Can you tell me any suggestion and the reason ??
Ideally, you want to normalize your rewards (i.e., 0 mean and unit variance). In your example, the reward is between -1 to 1, which satisfies this condition. I believe the reason was because it speeds up gradient descent when updating your parameters for your neural network and also it allows your RL agent to distinguish good and bad actions more effectively.
An example: Imagine we are trying to build an agent to cross the street, and if it crosses the street, it gains a reward of 1. If it gets hit by a car, it gets a reward of -1, and each step yields a reward of 0. Percentage-wise, the reward for success is massively above the reward for failure (getting hit by a car).
However, if we give the agent a reward of 1,000,000,001 for successfully crossing the road, and giving it a reward of 999,999,999 for getting hit by a car (this scenario and the above are identical when normalized), the success is no longer as pronounced as previously. Also, if you discount such high rewards, it will make the distinction of the two scenarios even harder to identify.
This is especially a problem in DQN and other function approximation methods because these methods generalize the state, action, and reward spaces. So a reward of -1 and 1 are massively different, however, a reward of 1,000,000,001 and 999,999,999 are basically identical if we were to use a function to generalize it.
Related
I'm designing a reward function of a DQN model, the most tricky part of Deep reinforcement learning part.

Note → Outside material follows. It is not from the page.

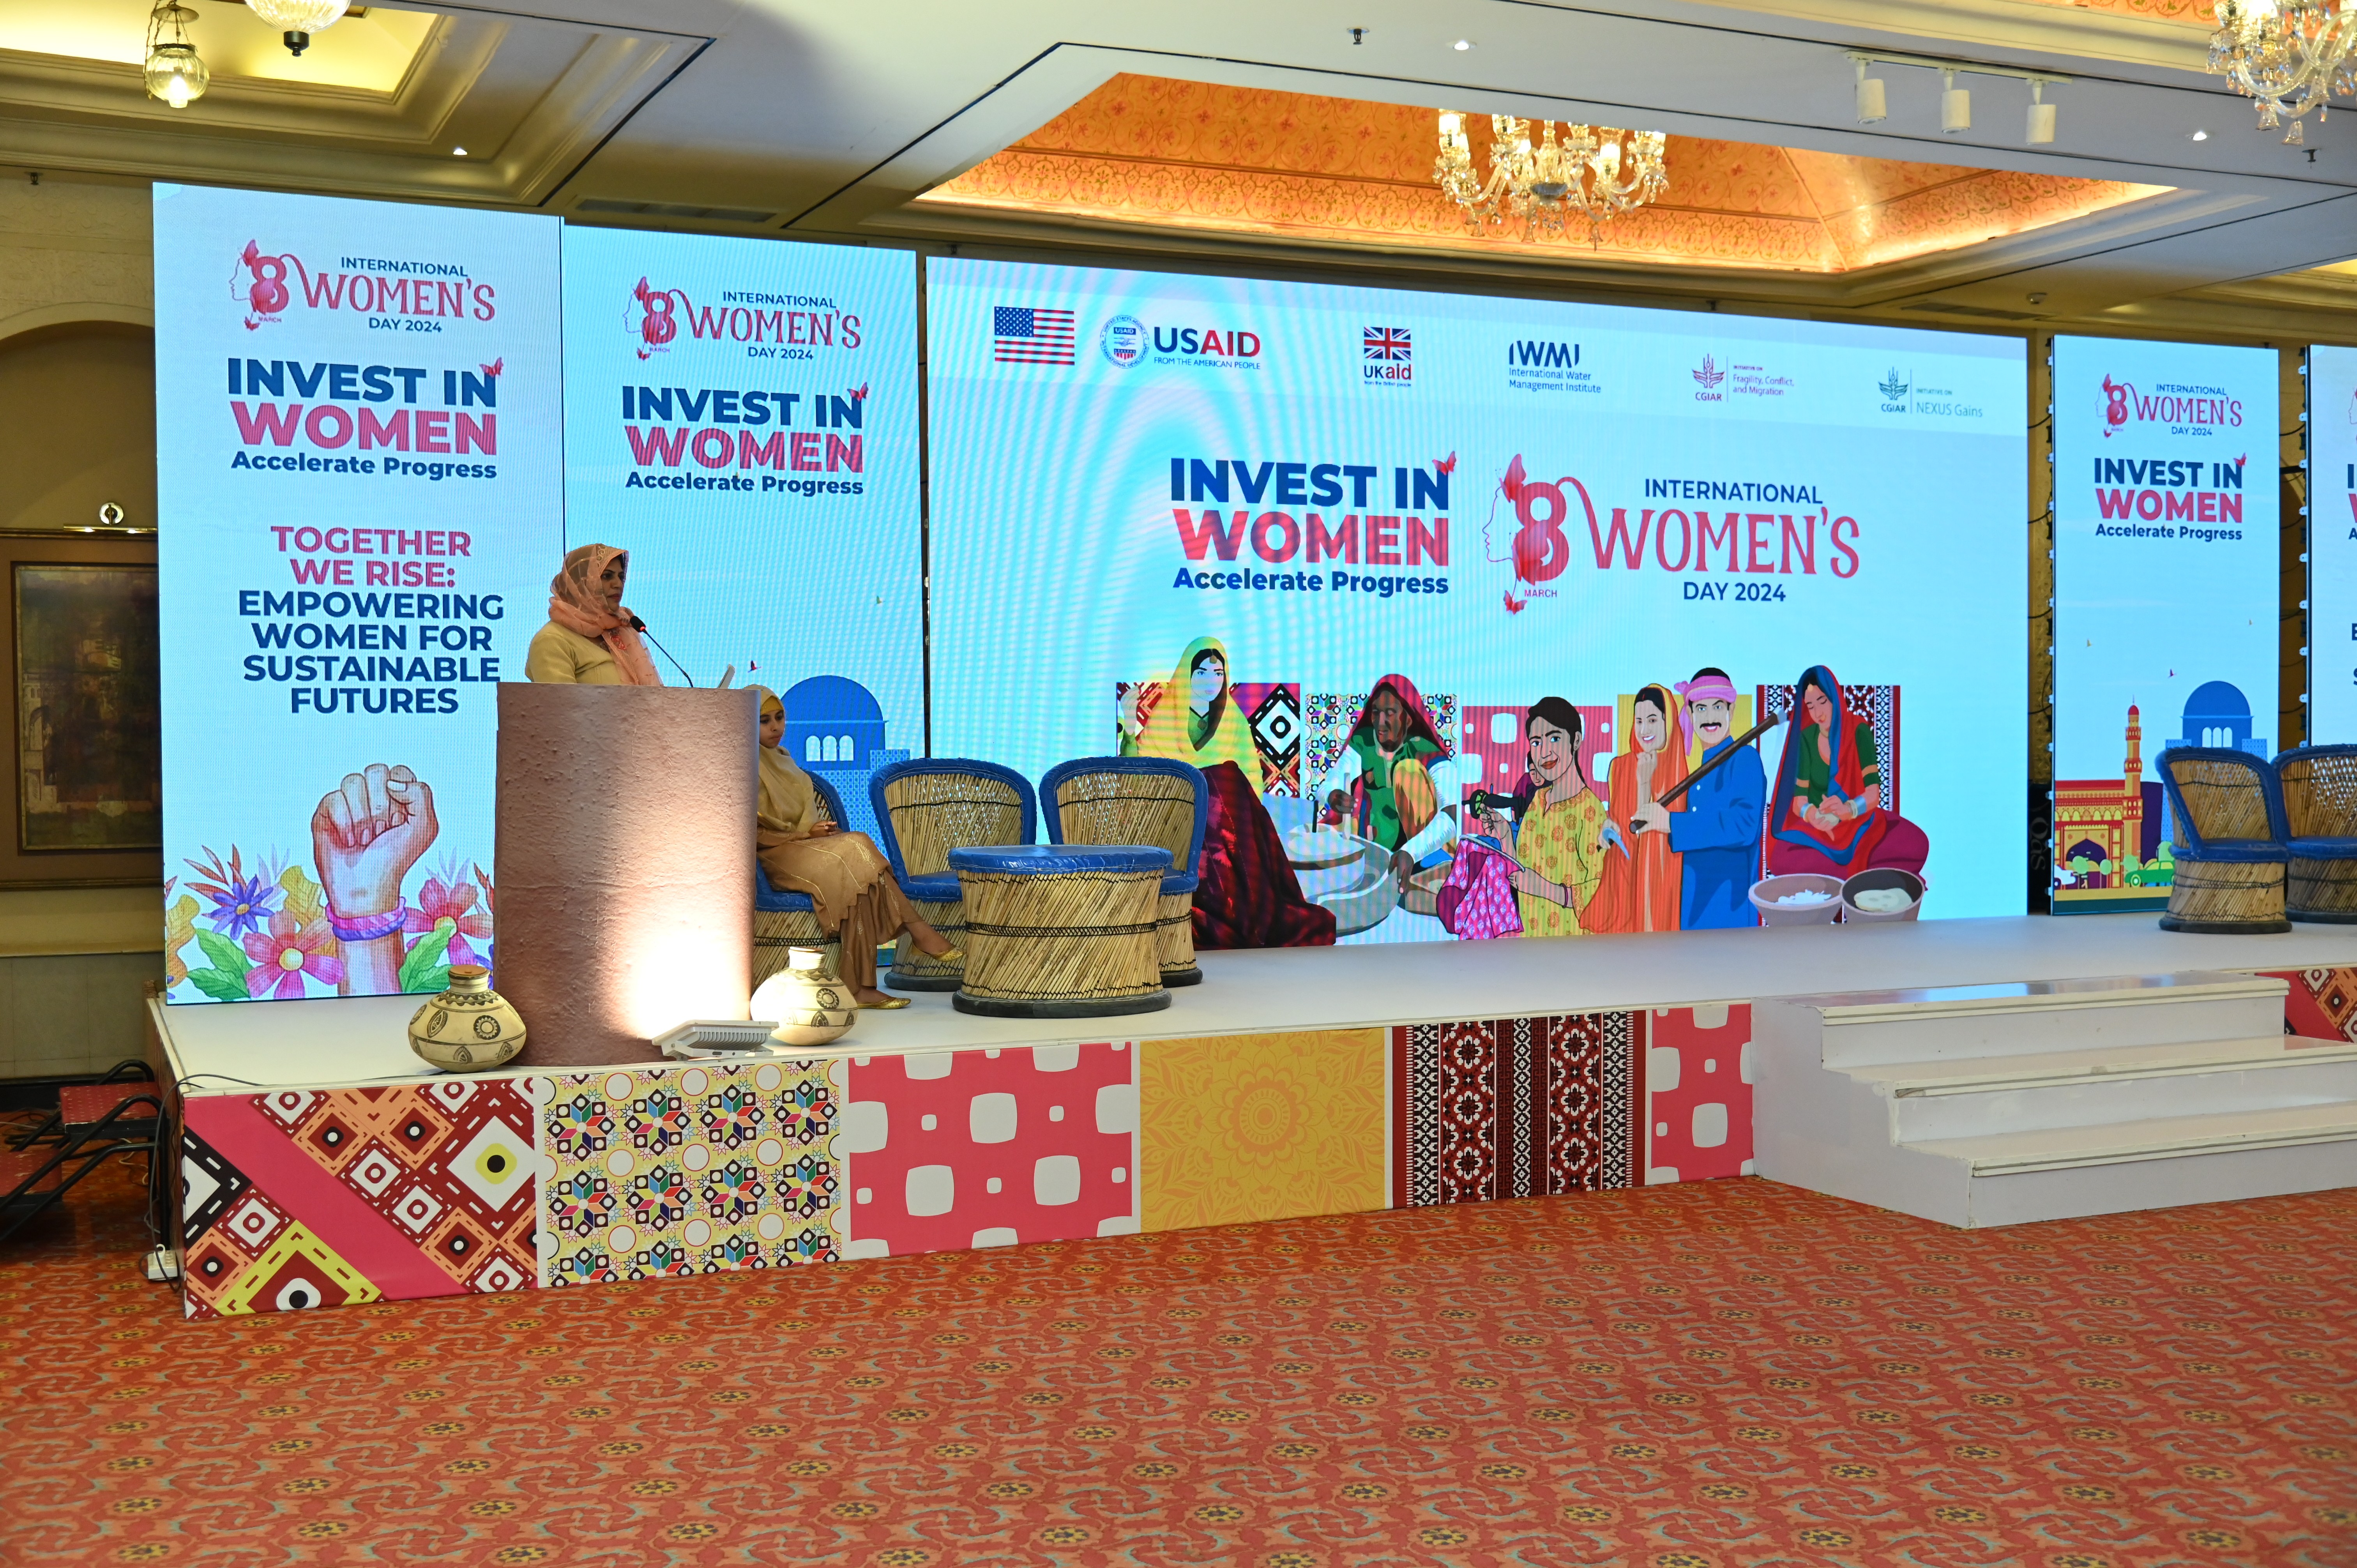 A glimpse of The Women's Day celebrations with a theme, "Together we rise: Empowering women for sustainable futures"

I referred several cases, and noticed usually the reward will set in [-1, 1]. Considering if the negative reward is triggered less times, more "sparse" compared with positive reward, the positive reward could be lower than 1.
I wish to know why should I set always try to set the reward within this range (sometimes it can be [0,1], other times could be [-1,0] or simply -1)? What's the theory or principle behind the range?
I went through this answer; it mentioned set the 500 as positive reward and -1 as negative reward will destroy the network. But how would it destroy the model?
I can vaguely understand that correlated with gradient descent, and actually it's the gap between rewards matters, not the sign or absolute value. But I'm still missing clear hint how it can destroy, and why in such range.
Besides, when should I utilize reward like [0,1] or use only negative reward? I mean, within given timestep, both methods seems can push the agent to find the highest total reward. Only in situation like I want to let the agent reach the final point asap, negative reward will seems more appropriate than positive reward.
Is there a criteria to measure if the reward is designed reasonable? Like use the Sum the Q value of good action and bad action, it it's symmetrical, the final Q should around zero which means it converge?
I wish to know why should I set always try to set the reward within this range (sometimes it can be [0,1], other times could be [-1,0] or simply -1)?
Essentially it's the same if you define your reward function in either [0,1] or [-1,0] range. It will just result in your action values being positive or negative, but it wouldn't affect the convergence of your neural network.
I went through this answer; it mentioned set the 500 as positive reward and -1 as negative reward will destroy the network. But how would it destroy the model?
I wouldn't really agree with the answer. Such a reward function wouldn't "destroy" the model, however it is incapable of providing a balanced positive and negative reward for the agent's action. It provides incentive for the agent not to crash, however doesn't encourage it to cut off opponents.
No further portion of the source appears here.